YOUR OBJECTIVE:
Everything in the listing below must be reproduced exactly, apart from its images.

SOURCE DATA:
::::
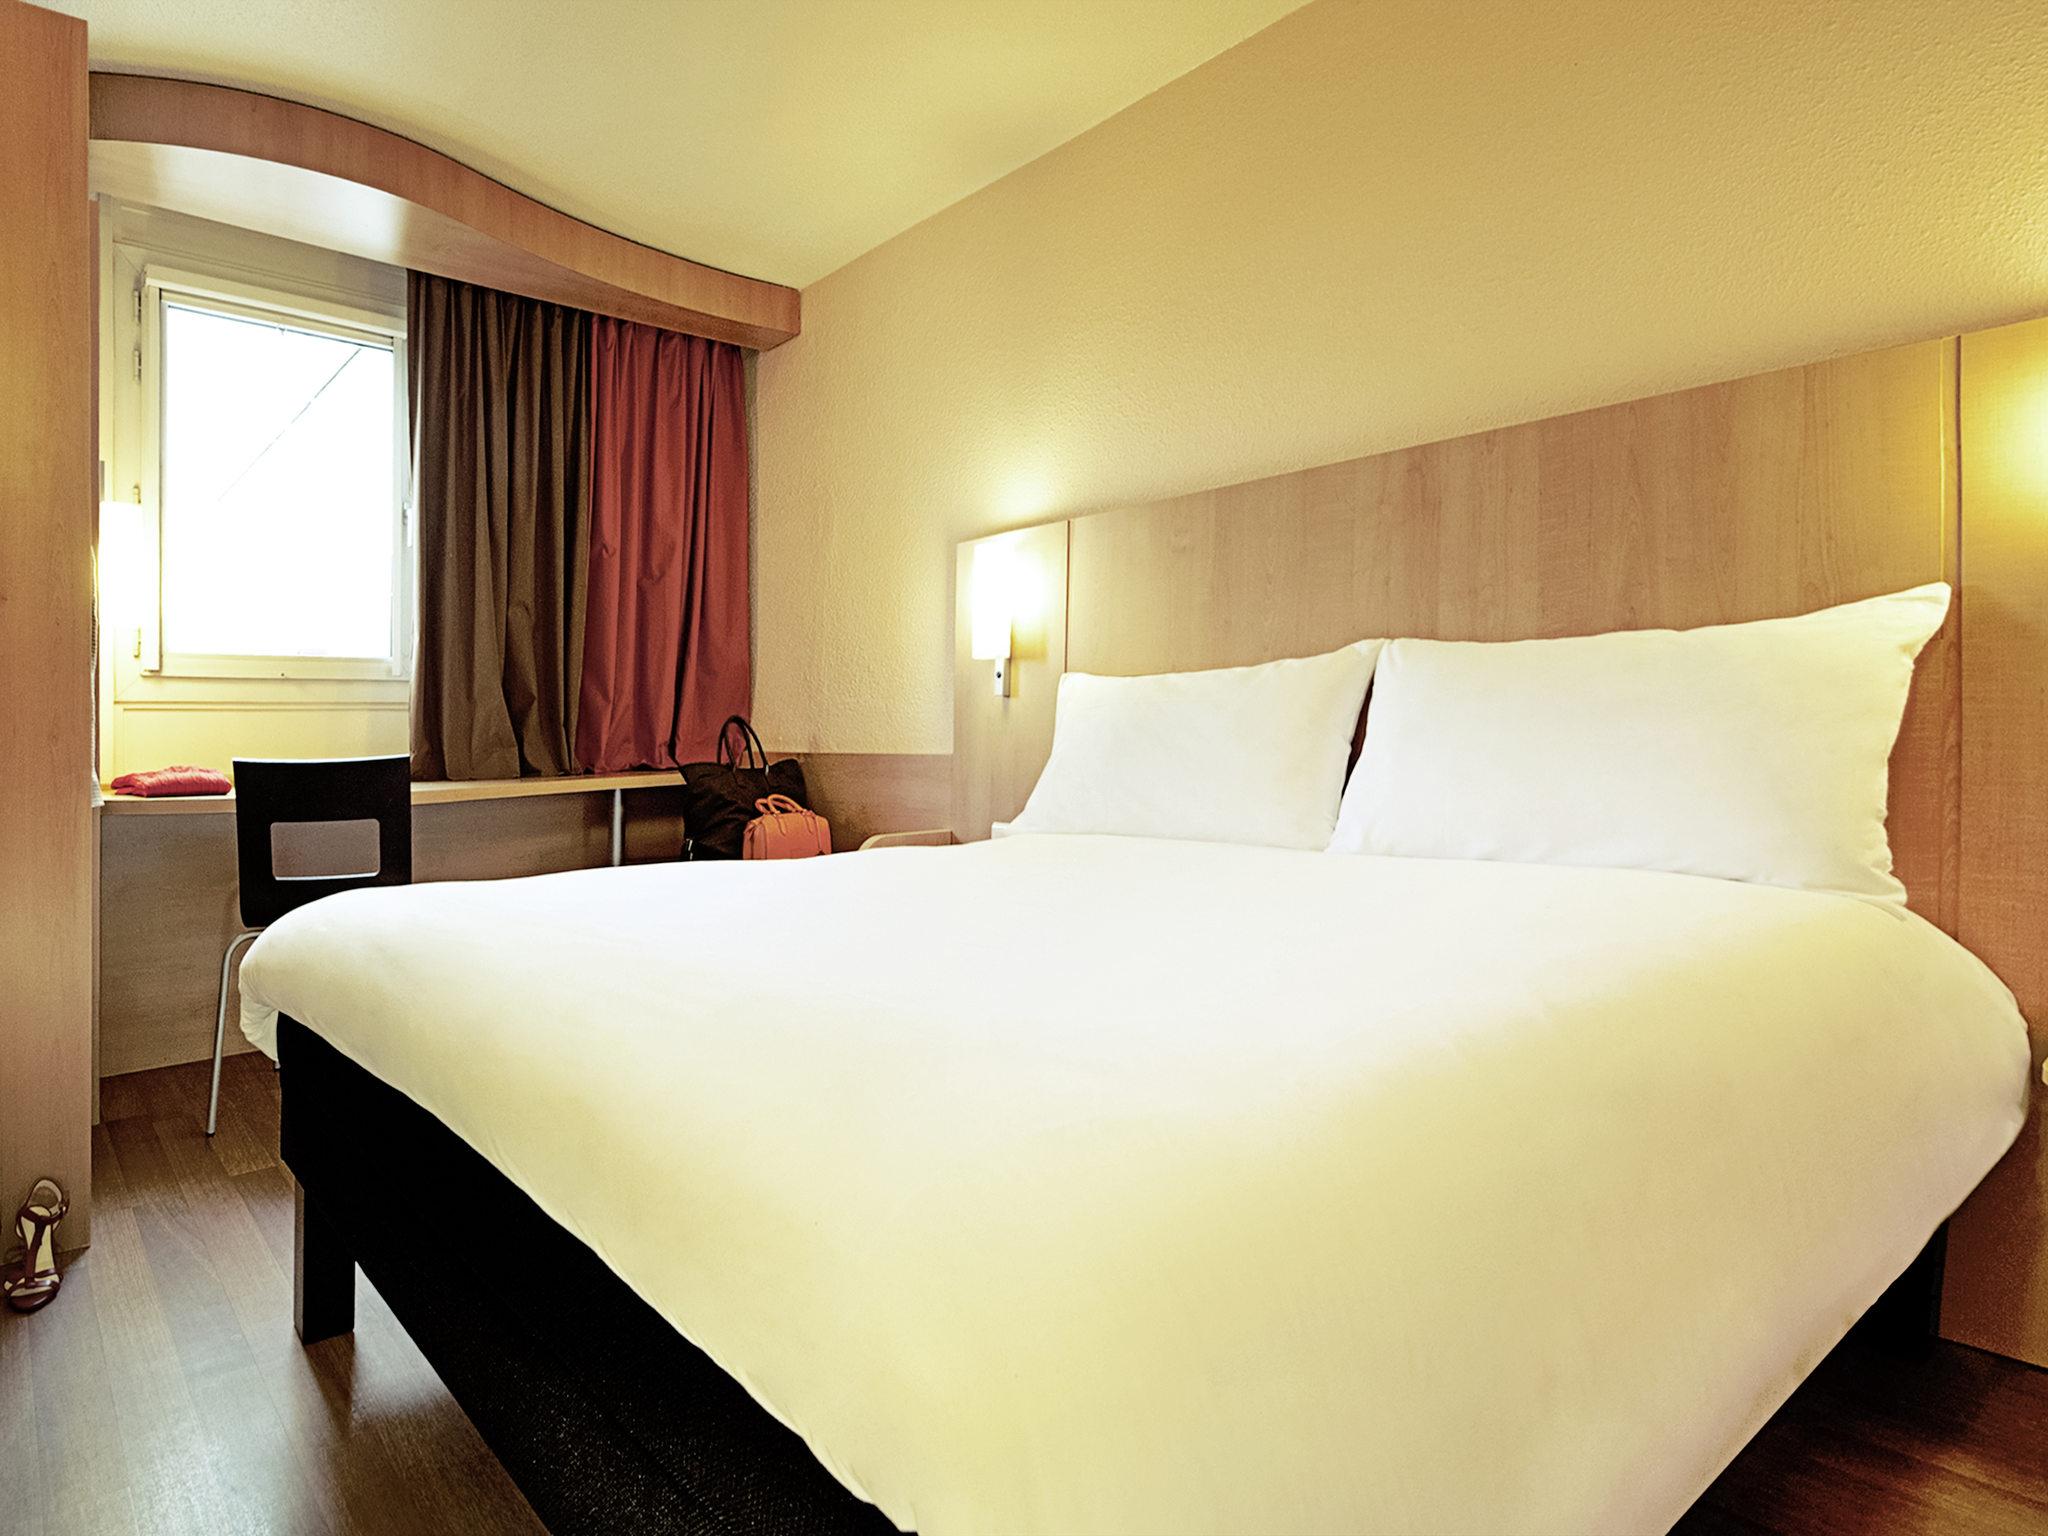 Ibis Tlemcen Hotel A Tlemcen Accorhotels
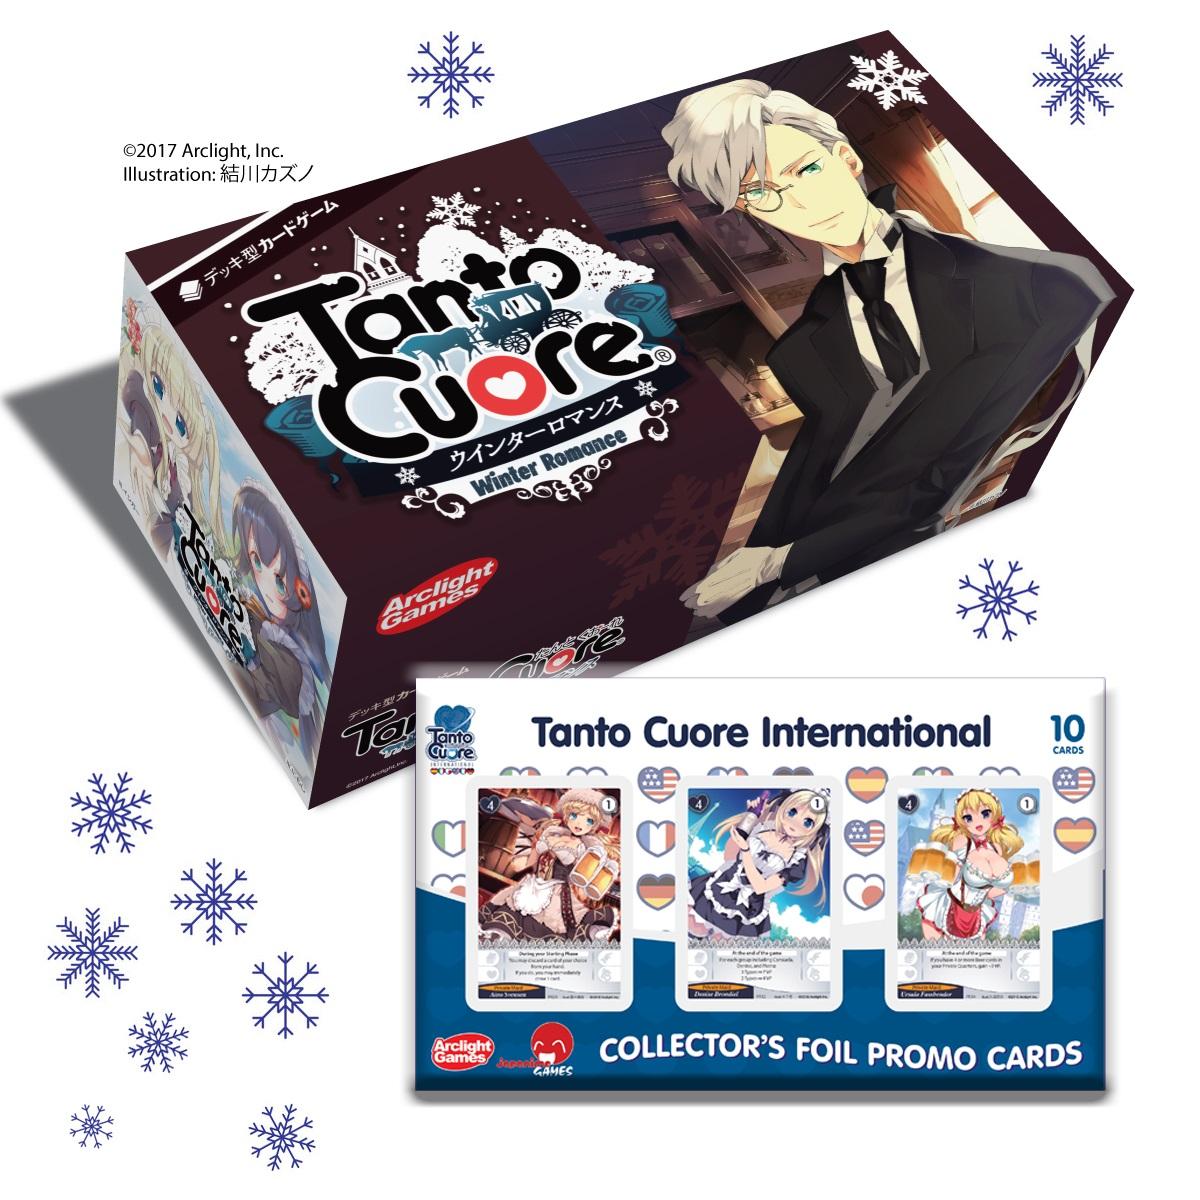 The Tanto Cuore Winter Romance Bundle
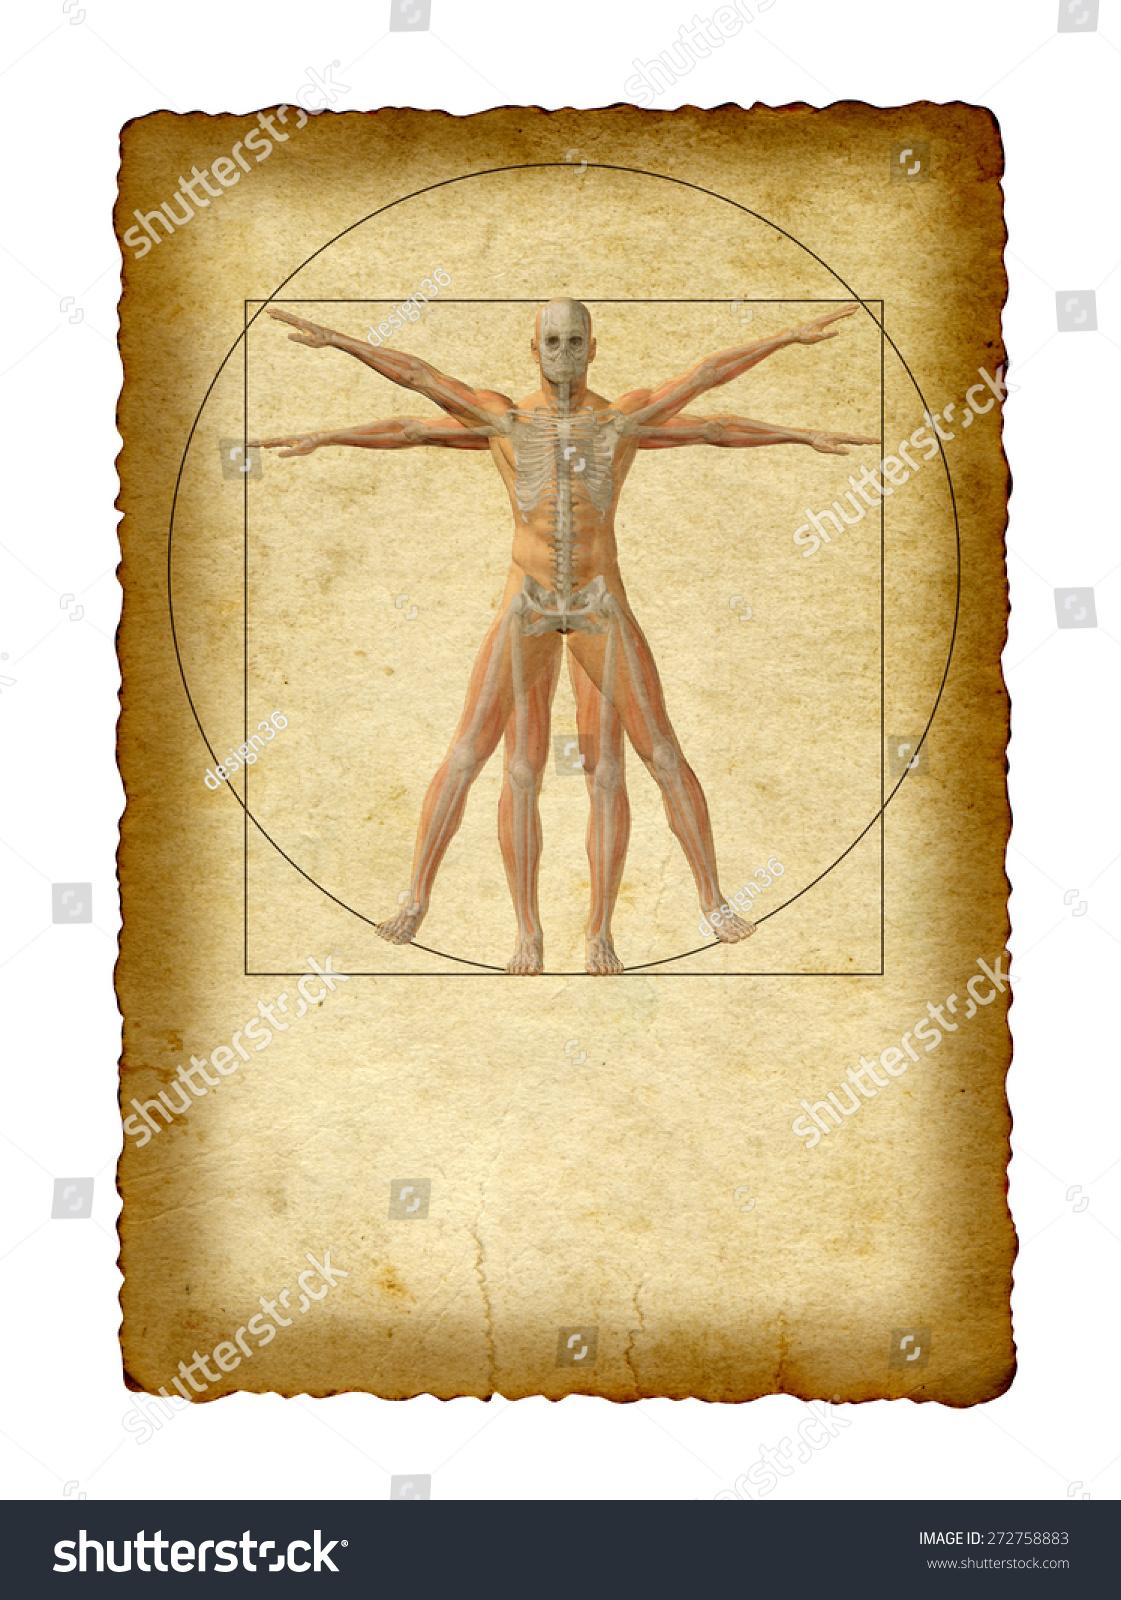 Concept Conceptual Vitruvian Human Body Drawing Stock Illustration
::::
TASK SOLUTION:
 Ibis Tlemcen Hotel A Tlemcen Accorhotels
 The Tanto Cuore Winter Romance Bundle
 Concept Conceptual Vitruvian Human Body Drawing Stock Illustration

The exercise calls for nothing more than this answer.